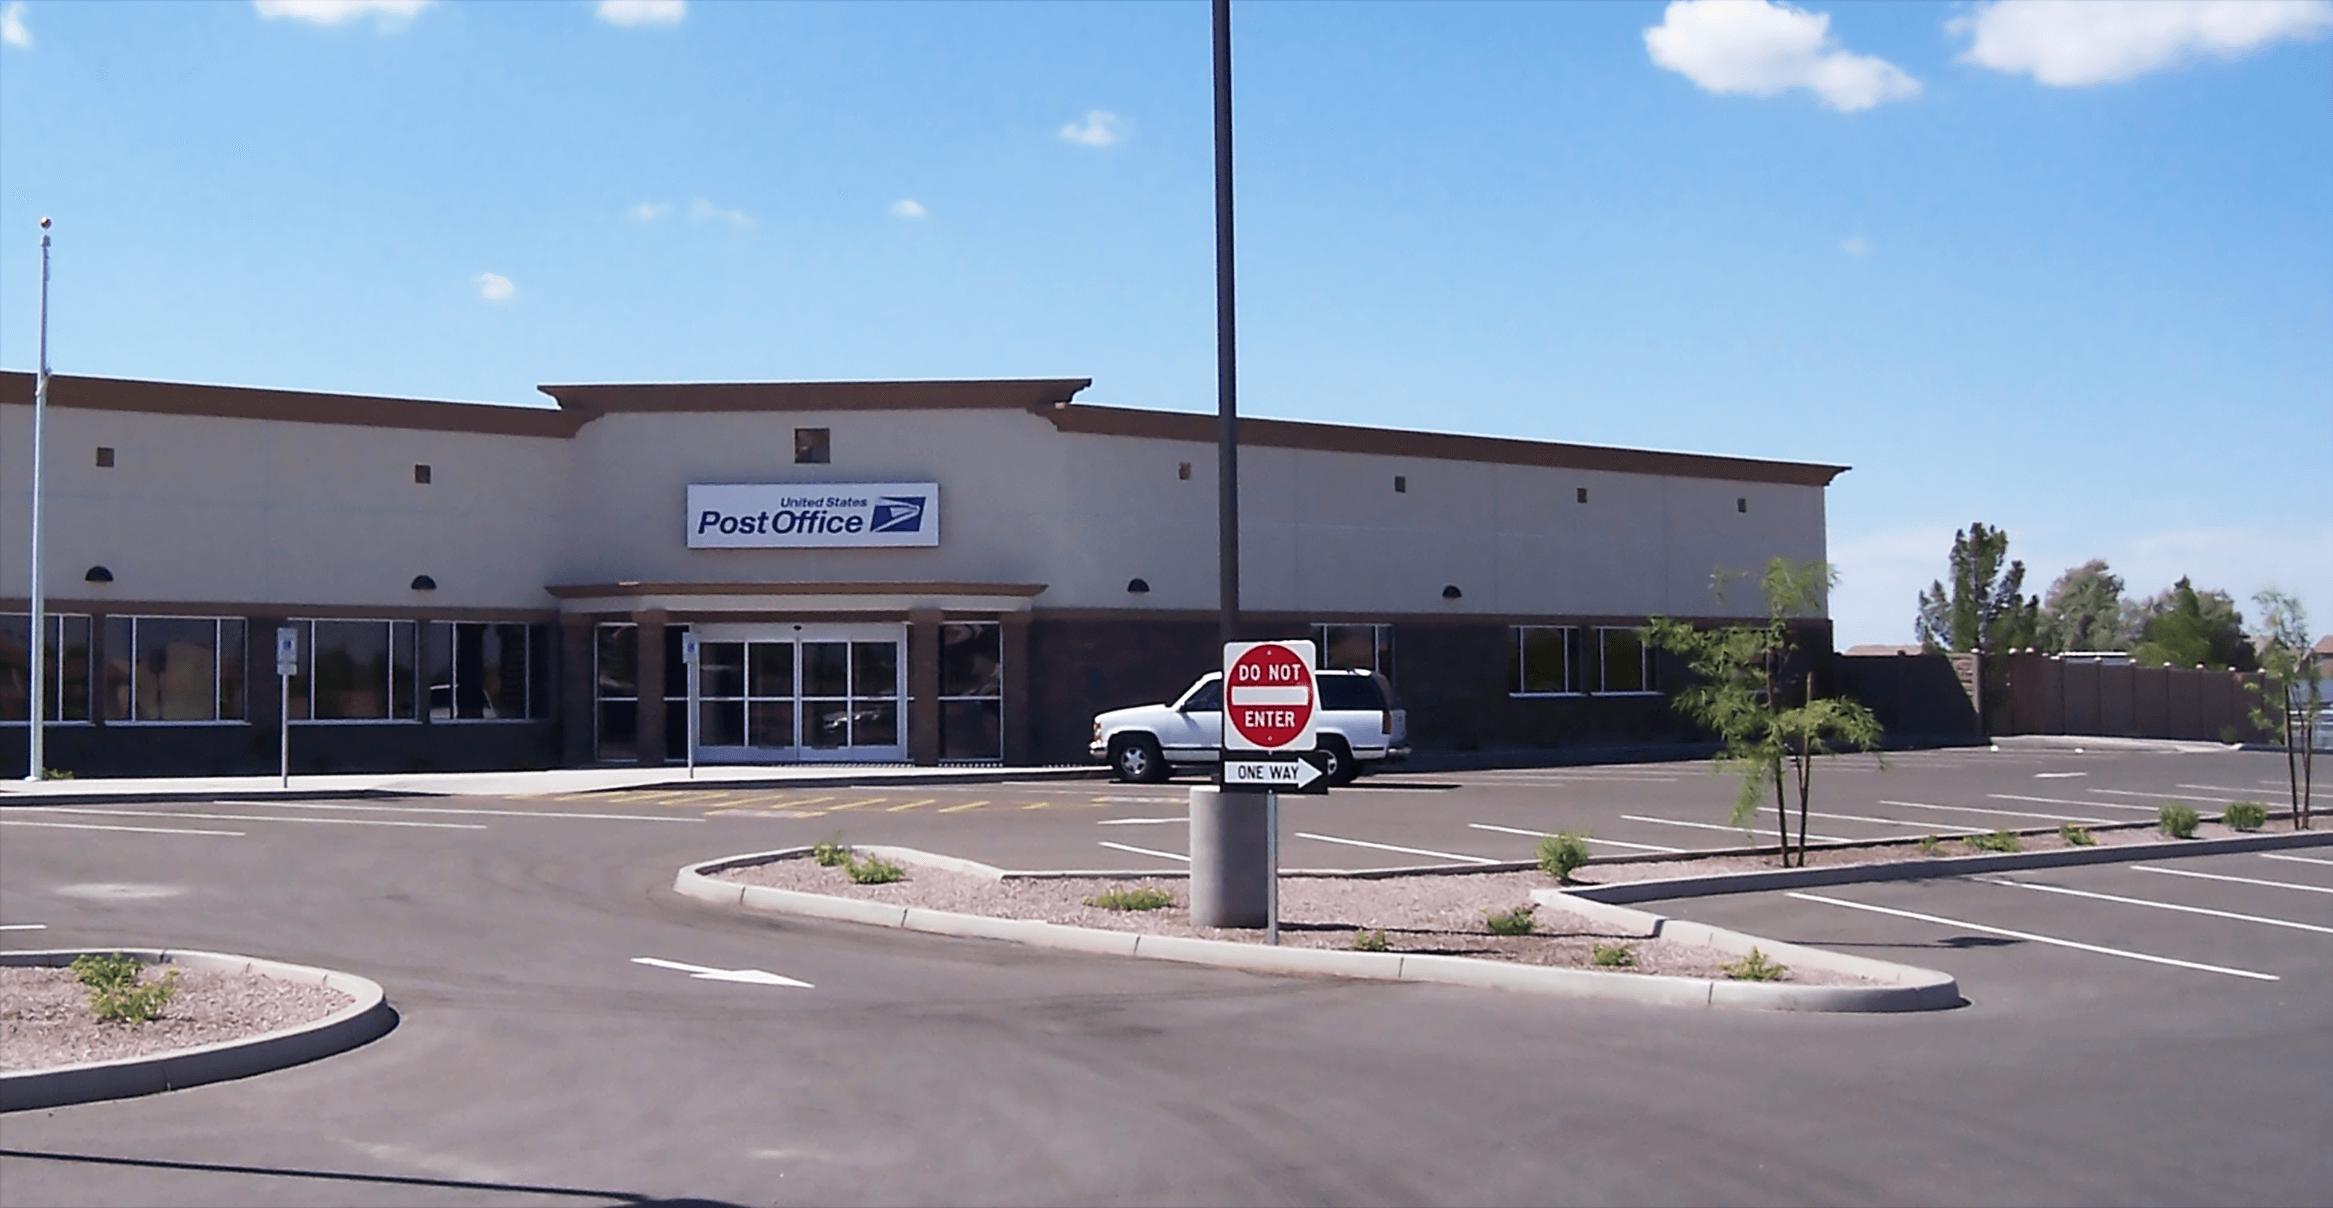 Main Post Office - Queen Creek, Arizona
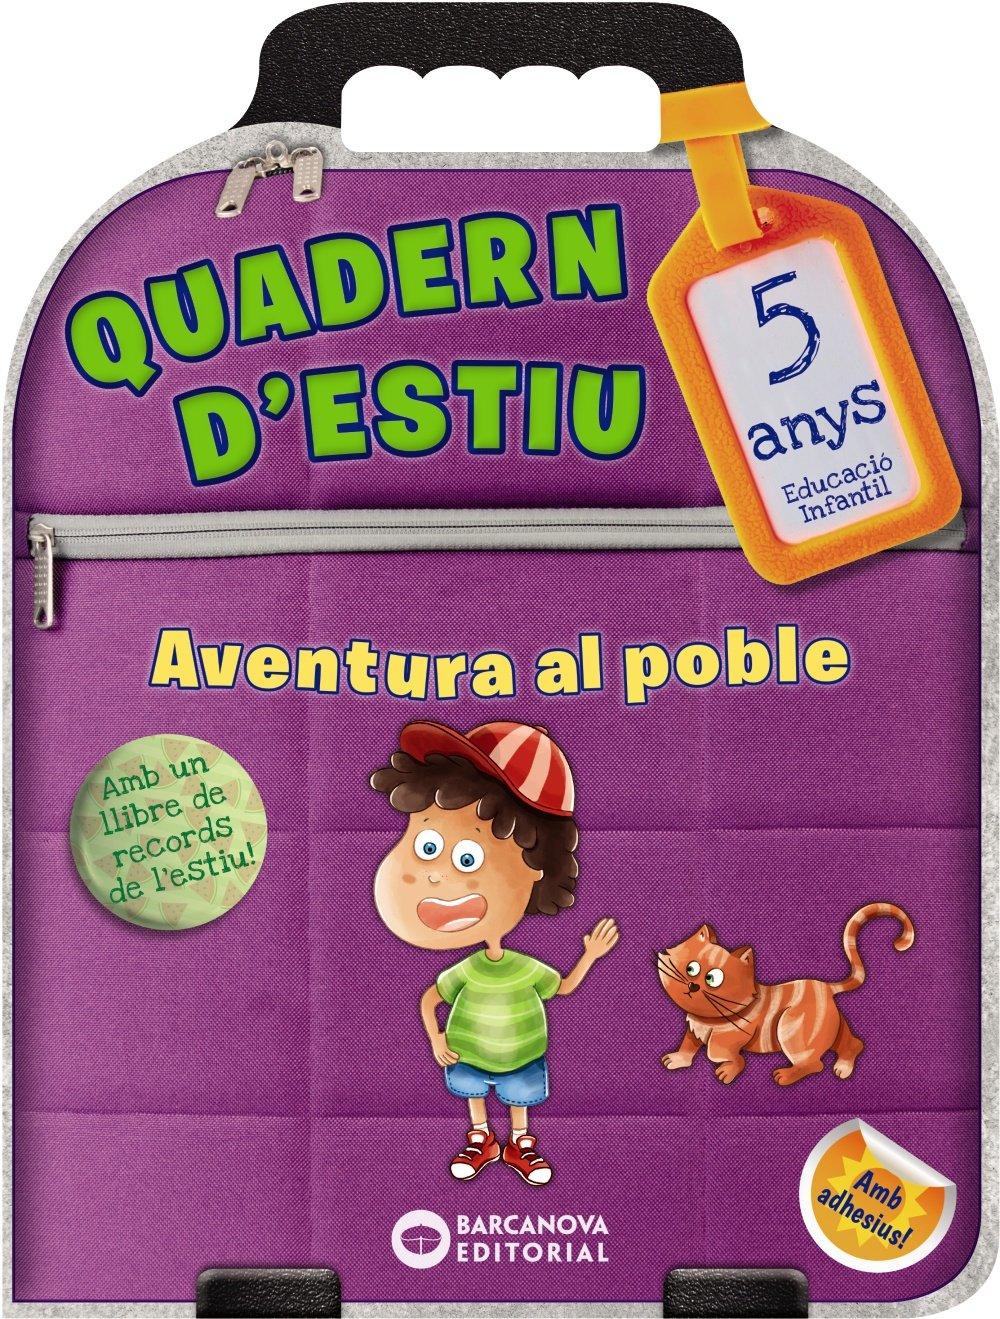 Aventura al poble 5 anys. Estiueja amb Barcanova: Amazon.es: Ester Riera,  Cèlia Bornas: Libros
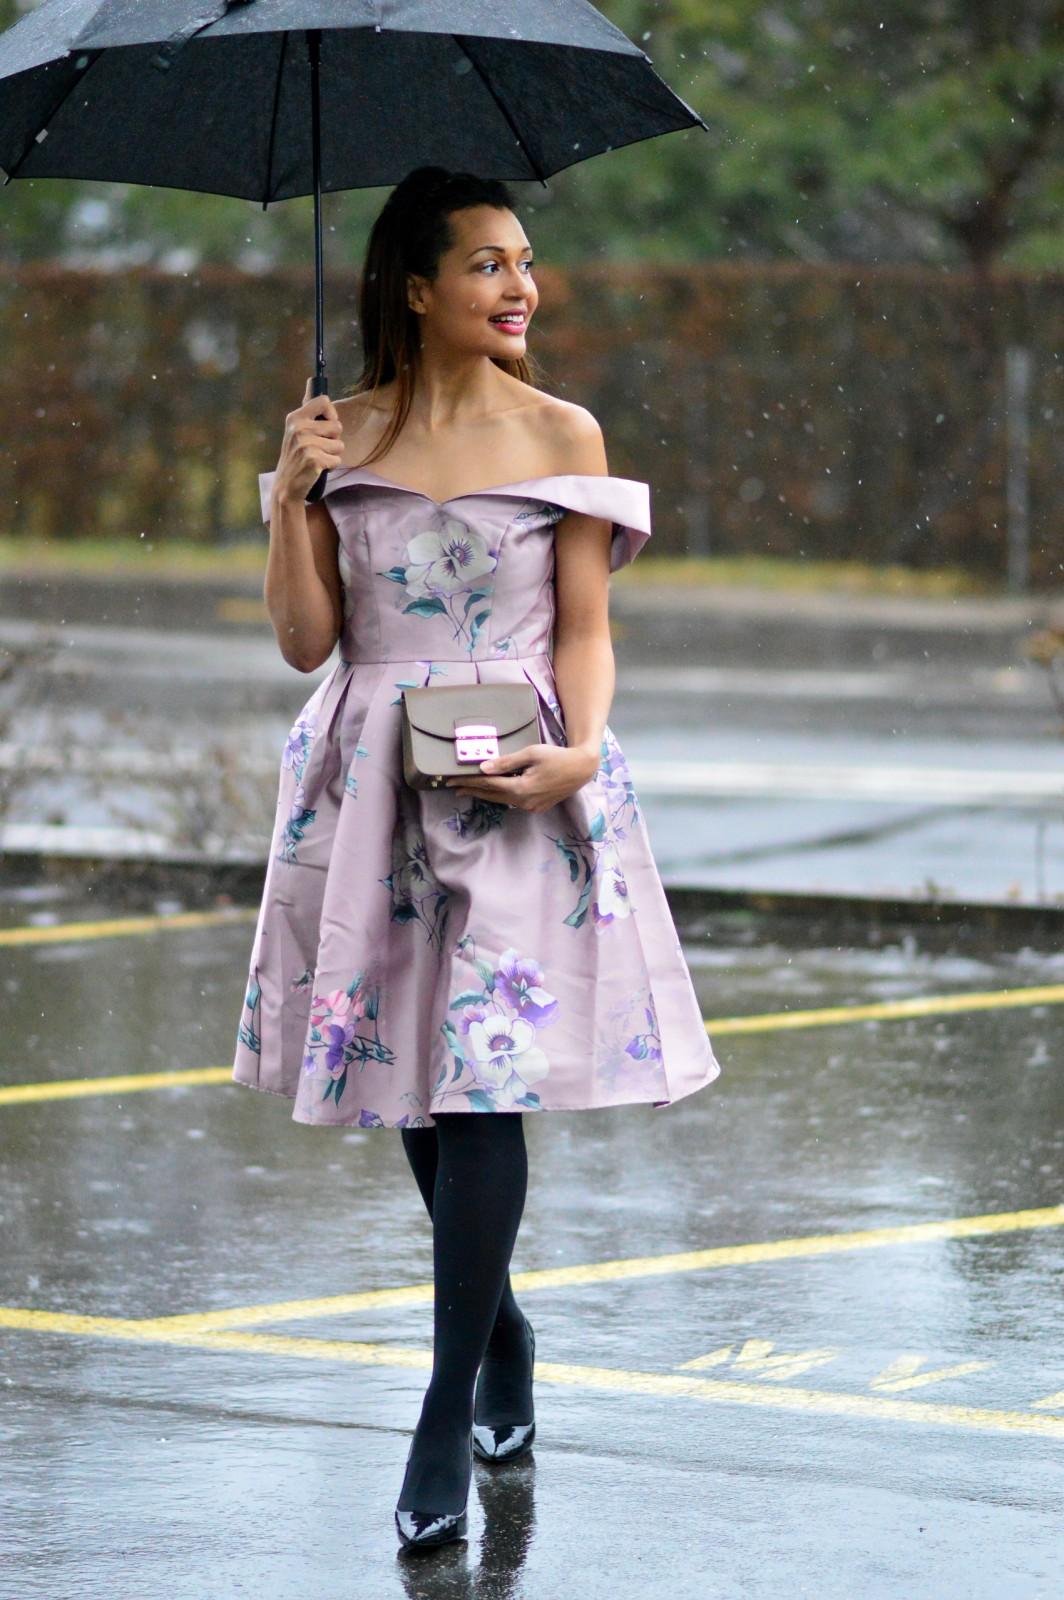 romantic dress/ pink floral dress / off-the-shoulder pink dress

------------------------------

The listing above is to be set down word for word, without its images.

RESPONSE TO THE EXERCISE:
 Main Post Office - Queen Creek, Arizona
 Aventura al poble 5 anys. Estiueja amb Barcanova: Amazon.es: Ester Riera,  Cèlia Bornas: Libros
 romantic dress/ pink floral dress / off-the-shoulder pink dress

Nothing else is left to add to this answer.